Here we report on the ferroelectric properties of NaMnF3 films grown directly on SrTiO3 substrates by piezoresponse force microscopy (PFM). A preferred polarization pointing out of the plane was found in the as-grown state. Repeatable ferroelectric switching by biased scanning probe was observed at room temperature. An interesting 180° out-of-plane polarization flip by the application of an in-plane electric field was discovered as well. The PFM results are consistent with the weak ferroelectricity revealed by DFT calculations. At low temperatures, we also discovered a tunable zero-bias photocurrent that was attributed to the persistent polarizations in NaMnF3. The collection of experiments not only provides evidences of room temperature ferroelectricity, but also suggests the significant impacts of the electric boundary conditions and strain on the ferroelectric states.


DFT calculations of the ferroelectric and paraelectric phases in NaMnF3

NaMnF3 thin films were grown on SrTiO3 (001) substrates by molecular beam epitaxy (MBE)17. Bulk NaMnF3 at room temperature has an orthorhombically distorted perovskite structure with lattice parameters a = 5.757 Å, b = 8.008 Å, c = 5.548 Å (Fig. 1a)22. When grown on the (001) surface of SrTiO3 (a STO = 3.905 Å), there are two configurations with best lattice matching: one with the longest orthorhombic axis (b-axis) out-of-plane and the ac-plane rotated 45° relative to the cubic cell of SrTiO3 (Fig. 1b top), and the other one with the b-axis in-plane (Fig. 1b bottom).
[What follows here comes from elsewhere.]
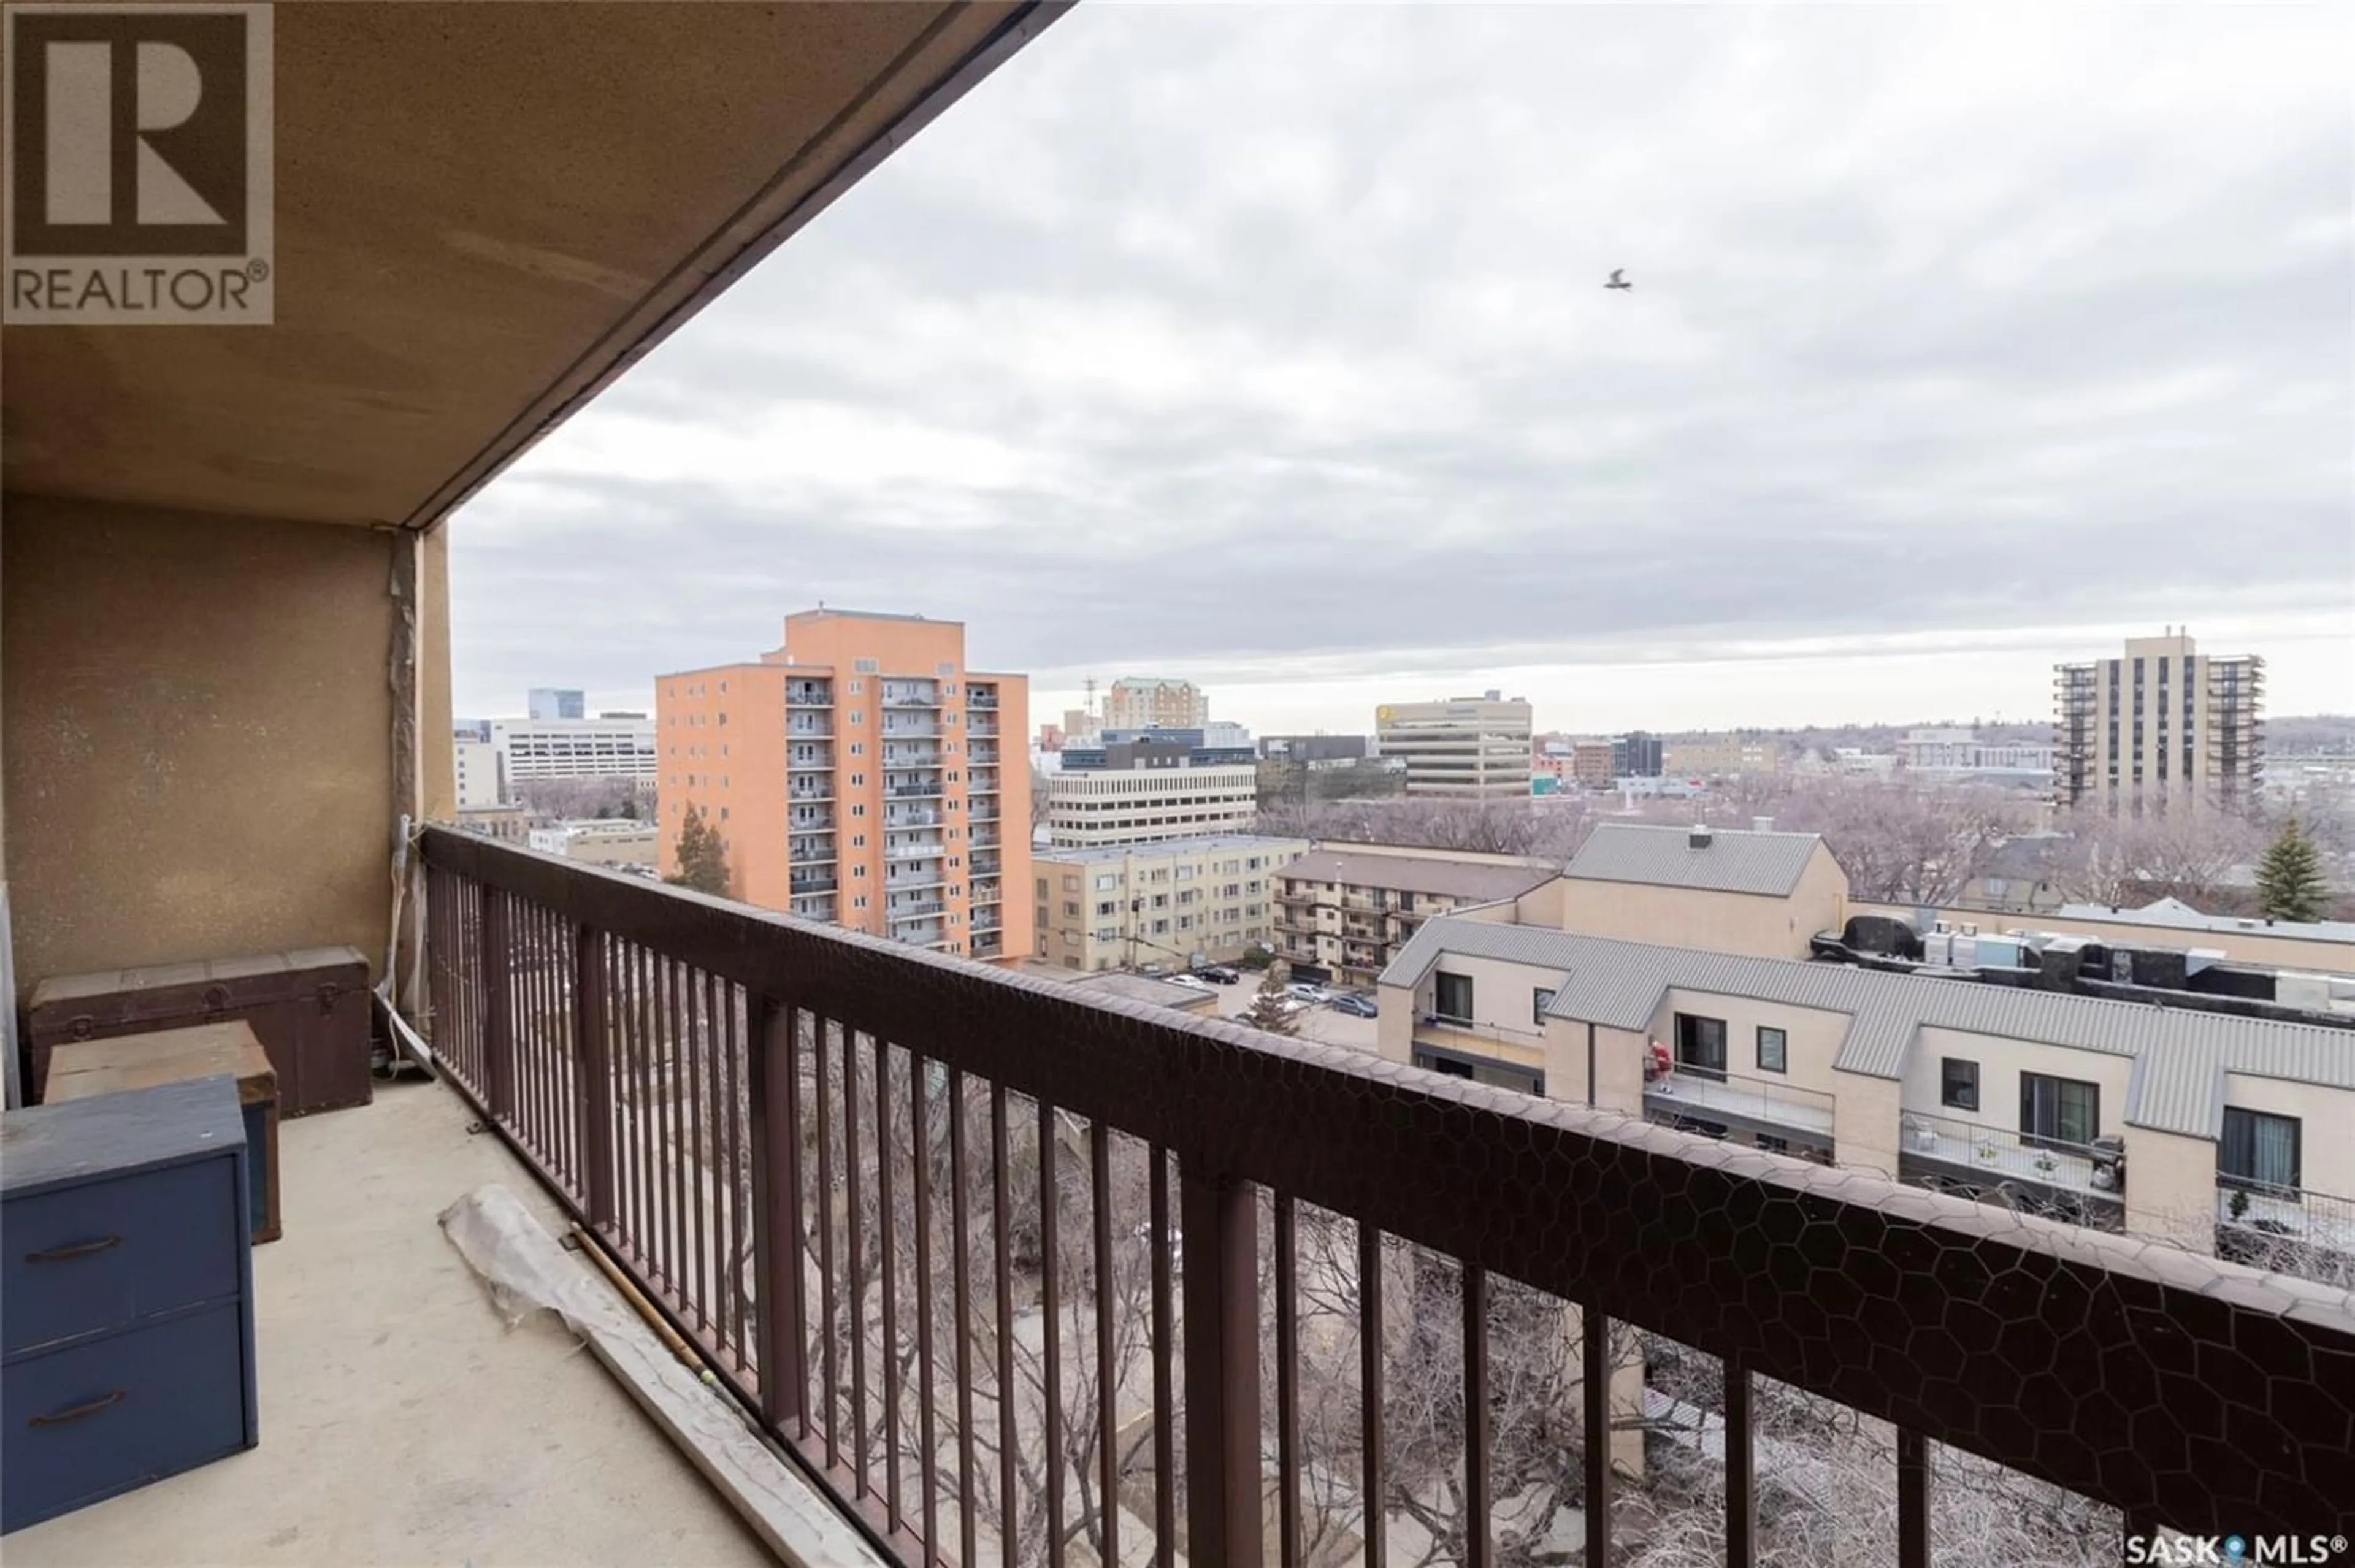 Balcony in the apartment for 1004 430 5th AVENUE N, Saskatoon Saskatchewan S7K6Z7

The small lattice mismatches in both cases favor a compressive strain at the film-substrate interface.

Figure 1
figure 1

Ferroelectricity depending on growth and strain configurations. (a) Schematic of NaMnF3 unit cell21. (b) Polar mode frequency as functions of isotropic strain in the plane parallel to SrTiO3 (001) surface when NaMnF3 is grown with b-axis out-of-plane (top, the two curves indicate different a/c ratios) or in-plane (bottom). Arrows indicate the data points corresponding to commensurate growth and completely relaxed cases. Dashed lines are added as guide for the eye. Insets illustrate the orientations of NaMnF3 lattice relative to the cubic SrTiO3 unit cell.

Density functional theory (DFT)23, 24 calculations were performed to evaluate the ferroelectricity of NaMnF3 films under different strain and growth configurations. The calculated polar mode frequencies in the lowest-energy paraelectric phases are shown in Fig. 1b. Imaginary frequencies, indicating that the paraelectric phase is no longer stable, are reported as negative values for clarity.

In the growth configuration with b-axis out-of-plane, the two lowest-energy phases are the paraelectric Pnma phase and the ferroelectric Pna2 1 phase with polar axis along the b-axis. For completely relaxed films (Fig. 1b, top graph, circle marked by arrow), the paraelectric Pnma phase is the stable ground state (ΔE = E Pna21  − E Pnma  = 24.84 meV/unit cell (meV/uc)). When isotropic in-plane strain (\(\varepsilon \)) is applied, values of a and c change proportionally keeping their ratio of \(a/c\approx 1.035\) constant. The film remains paraelectric under small isotropic strains, and only becomes ferroelectric when compressive strain larger than −4% is applied (Fig. 1b, top graph, circles). Commensurate growth relation with SrTiO3 requires an anisotropic in-plane strain that reduces the a/c ratio to 1. In this case, NaMnF3 unit cell remains orthorhombic due to the octahedral rotations that break the four-fold symmetry. However, the polar soft-mode is no longer vibrationally stable and the ferroelectric Pna2 1 phase becomes the ground state (ΔE = −4.21 meV/uc at ε = 0%, Fig. 1b, top graph, square marked by arrow). This ferroelectric state at \(a/c=1\) is robust against isotropic in-plane strain (Fig. 1b, top graph, squares). This indicates that small reductions of \(a/c\) ratio can profoundly influence the generation of ferroelectricity, which is likely caused by the small size of Na atoms and the resultant geometric nature of the ferroelectric ordering15.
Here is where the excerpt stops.